The two are complementary, not competing:
  • extension_open (surface: "action") — the everyday path. Replays the handler, cross-browser, headless, no gesture (activeTab not granted). Use it for the vast majority of handler testing.
  • chrome-devtools-mcp trigger_extension_action — a real action invocation through Puppeteer (over the supported pipe transport), so activeTab is granted exactly like a user click. Chromium only. Reach for it only when your handler genuinely depends on the gesture.

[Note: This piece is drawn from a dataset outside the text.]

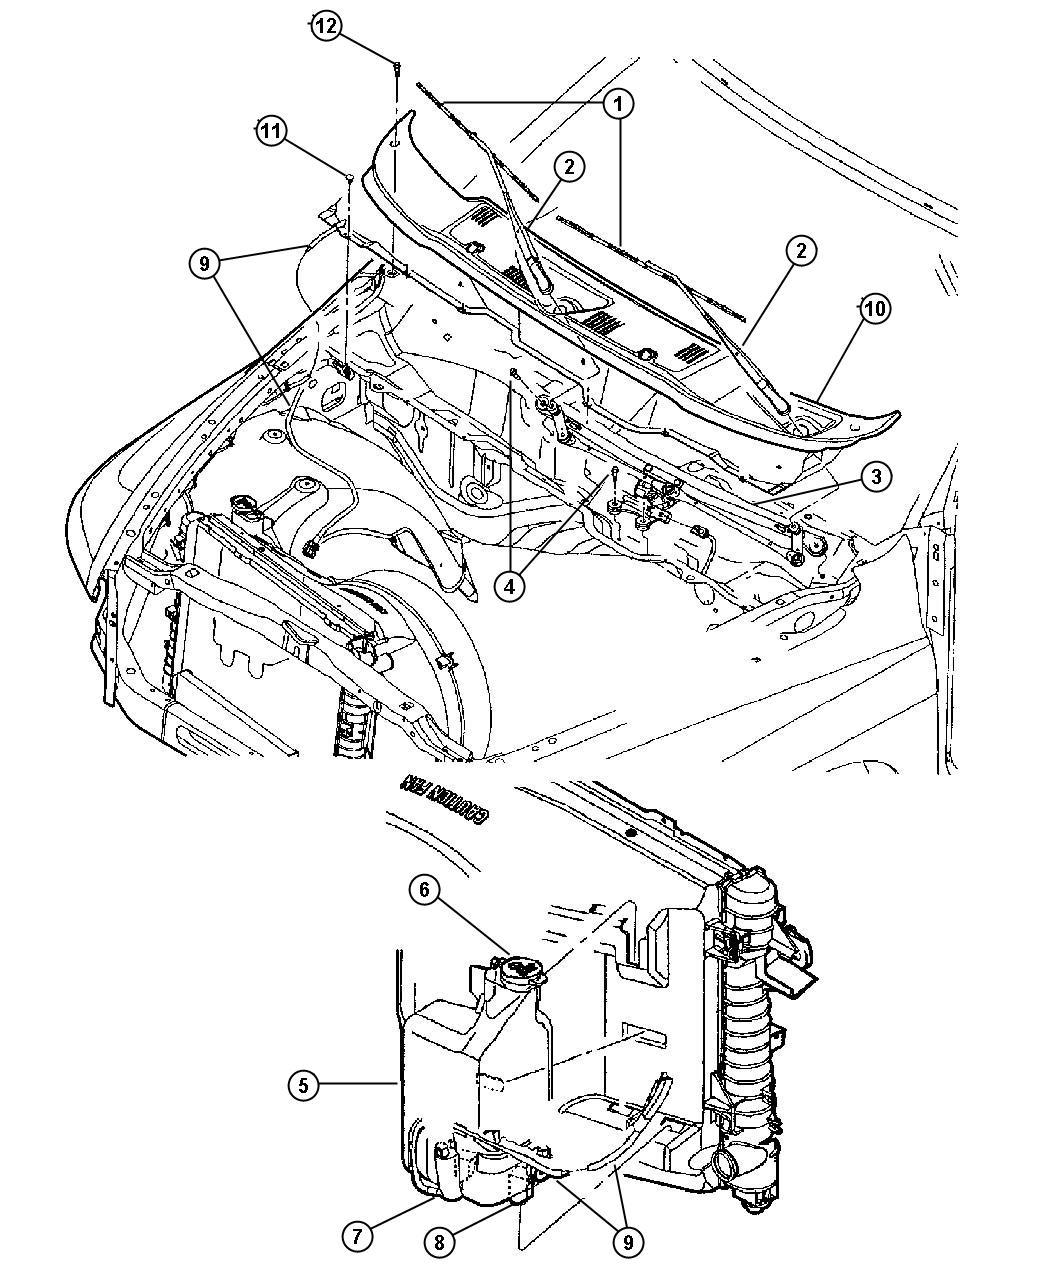 2004 Dodge Ram 1500 Windshield Wiper & Washer.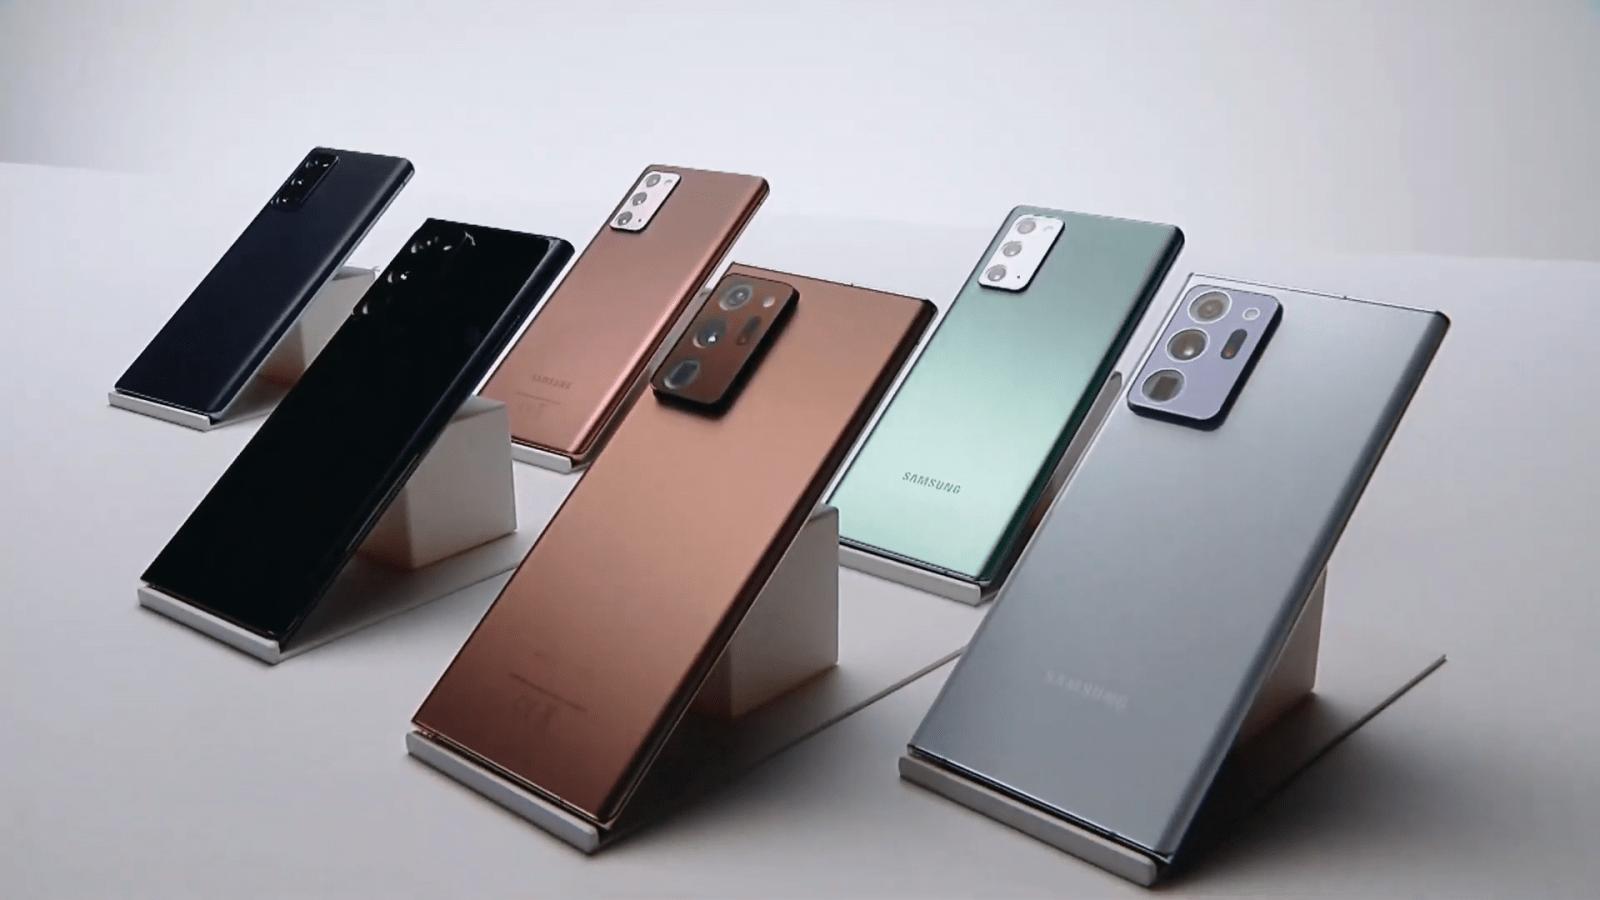 Samsung Galaxy Note 20 Ultra на базе Snapdragon фотографирует хуже, чем версия на Exynos

Since this page already recommends running both servers, let chrome-devtools-mcp own genuine-gesture browser driving and let Extension.js own the build-aware, cross-browser replay — no need to duplicate it. See Reload and HMR.

Safe by construction

The replay wraps are injected only into your dev build — the agent bridge is gated on a control port that exists solely during extension dev/preview, and nothing is added to a production build. The addListener wraps delegate transparently to the originals, so your extension behaves identically with or without the bridge.